[Input data]
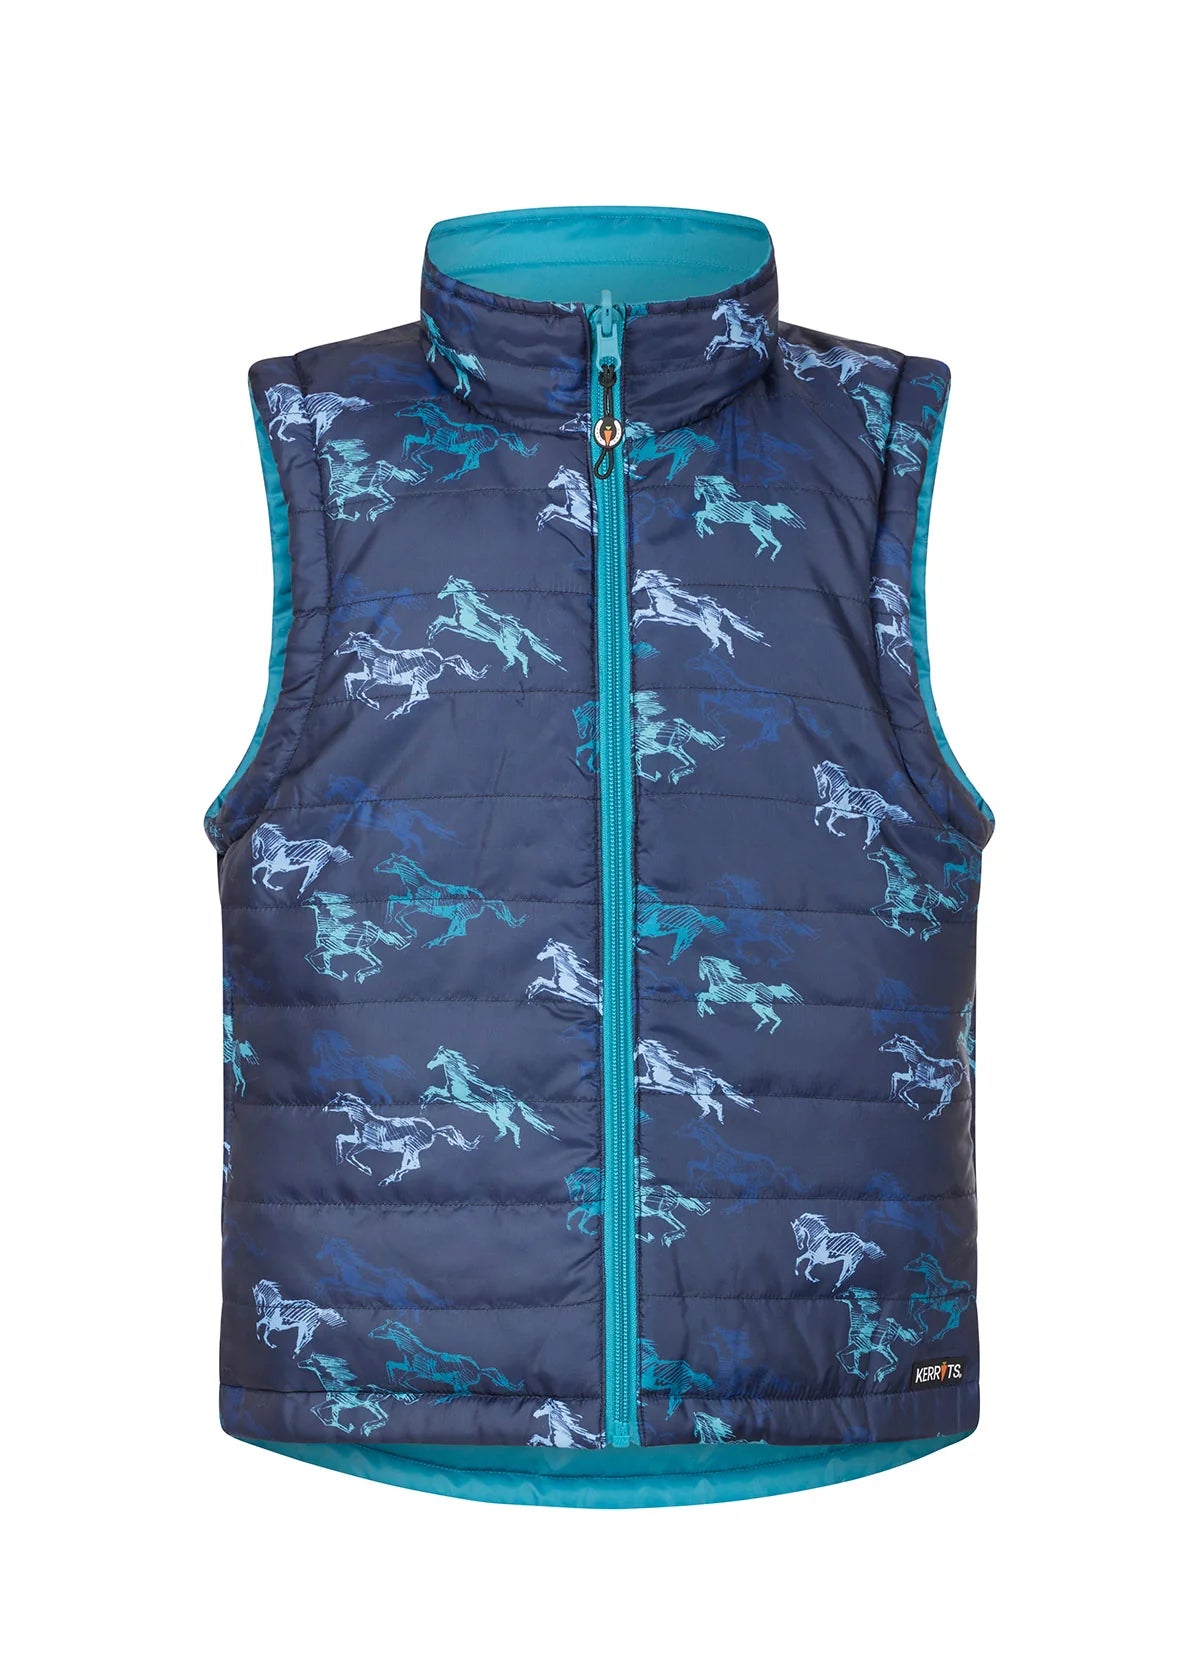 Kerrits Kids Pony Tracks Reversible Quilted Riding Vest - CLEARANCE
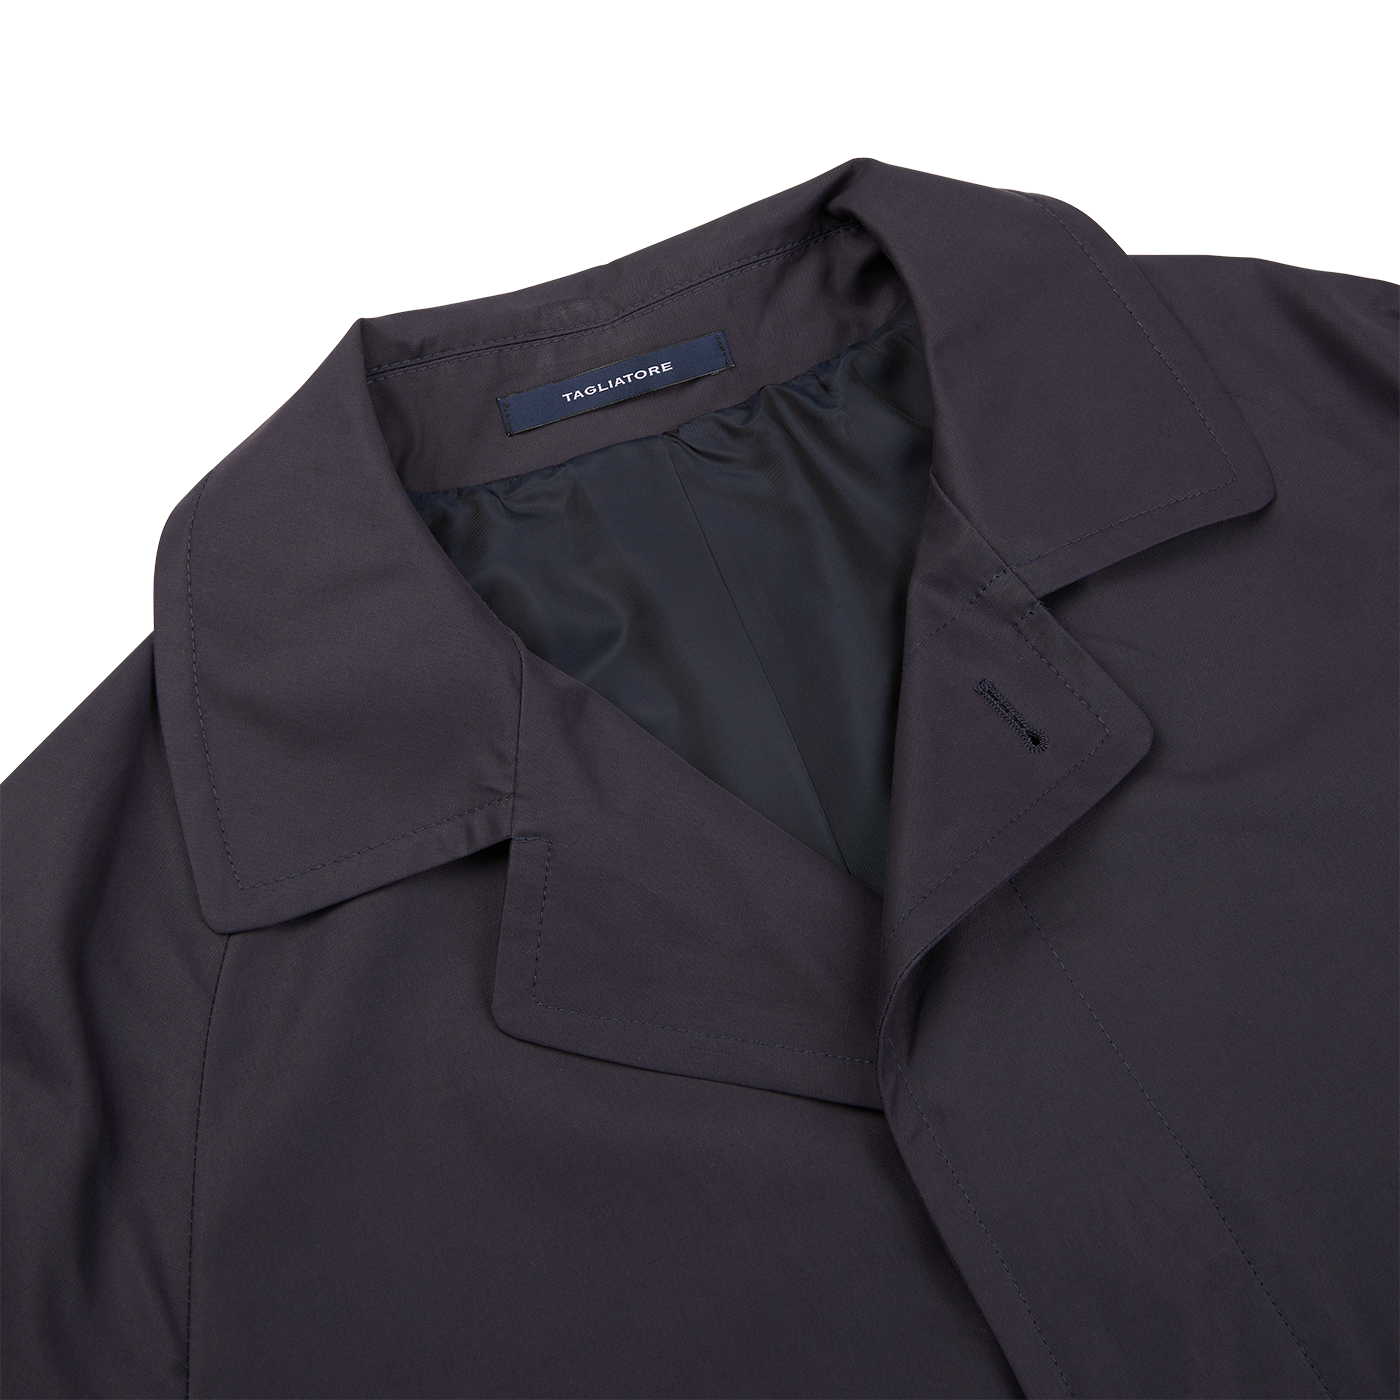 A Tagliatore navy blue cotton nylon trench coat with a slim fit and black collar.
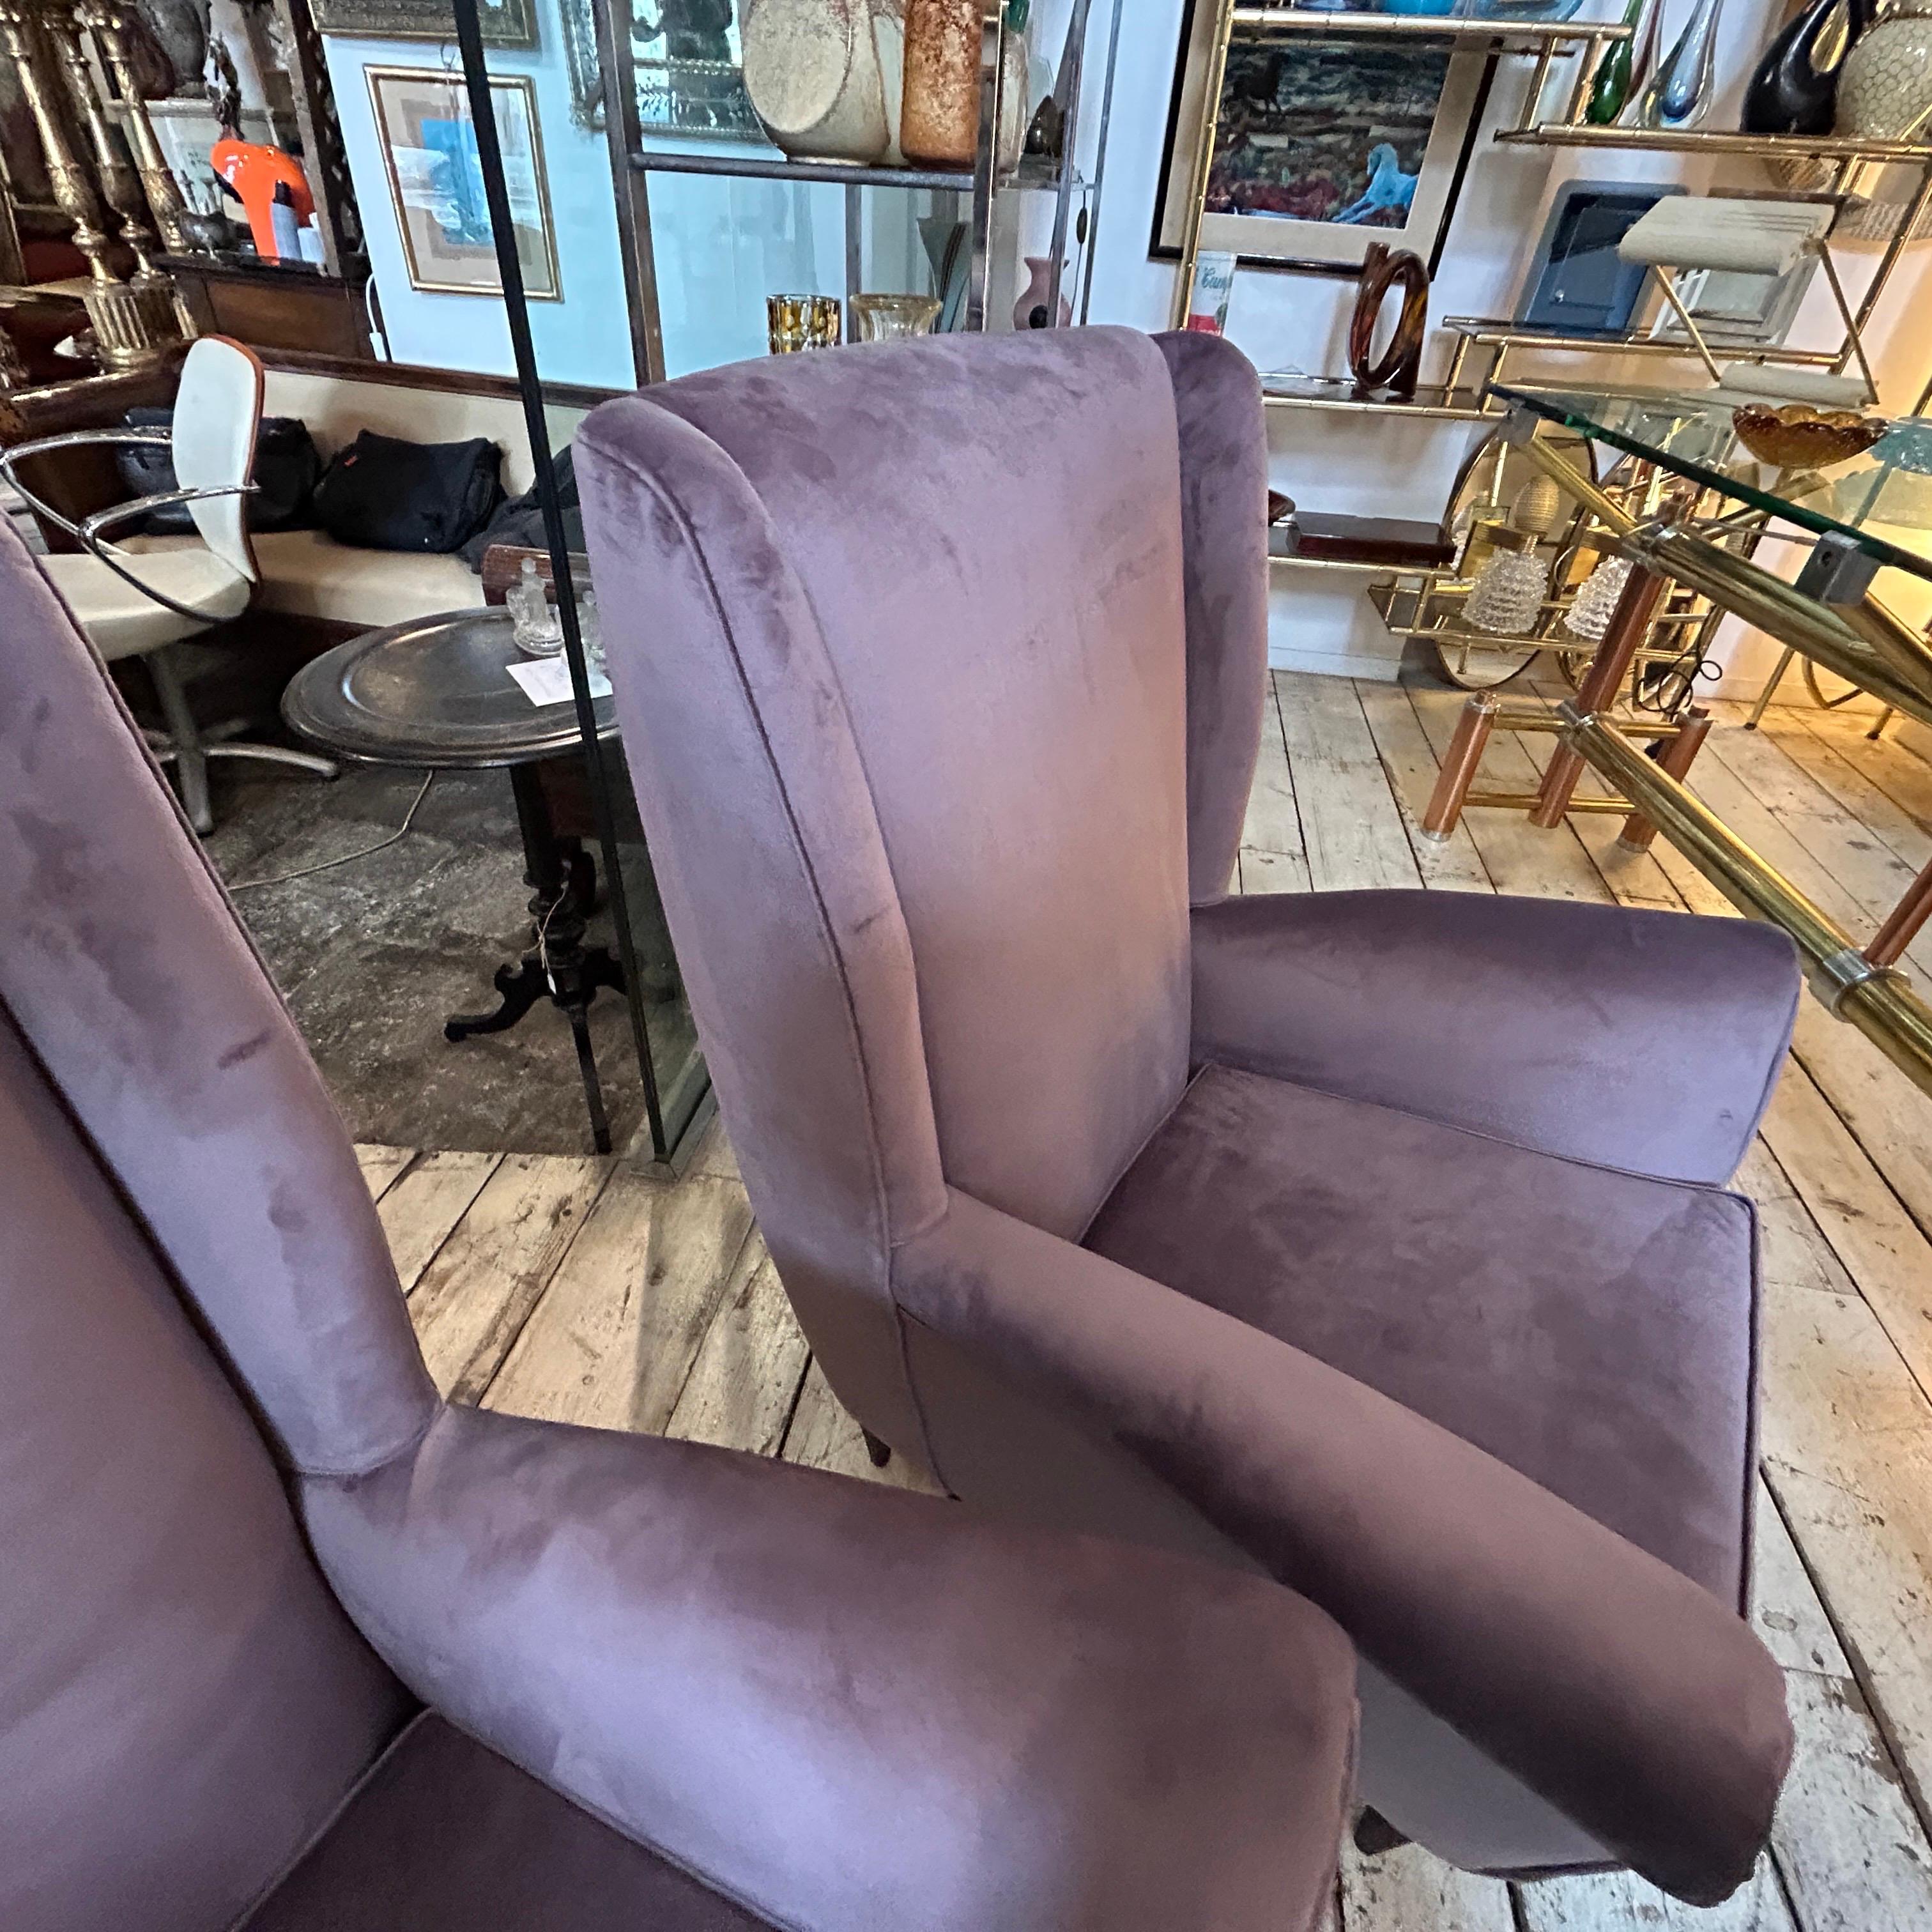 Two 1950s Gio Ponti Style Mid-Century Modern Armchairs Mod. 512 by ISA Bergamo In Good Condition For Sale In Aci Castello, IT
[/Input data]
▶ [Task to complete]
Starting at the line with "A Tagliatore navy", output each line through the final one of the listing above, and nothing else. Pictures are to be left out.

▶ [Completed task]
 A Tagliatore navy blue cotton nylon trench coat with a slim fit and black collar.
 Two 1950s Gio Ponti Style Mid-Century Modern Armchairs Mod. 512 by ISA Bergamo In Good Condition For Sale In Aci Castello, IT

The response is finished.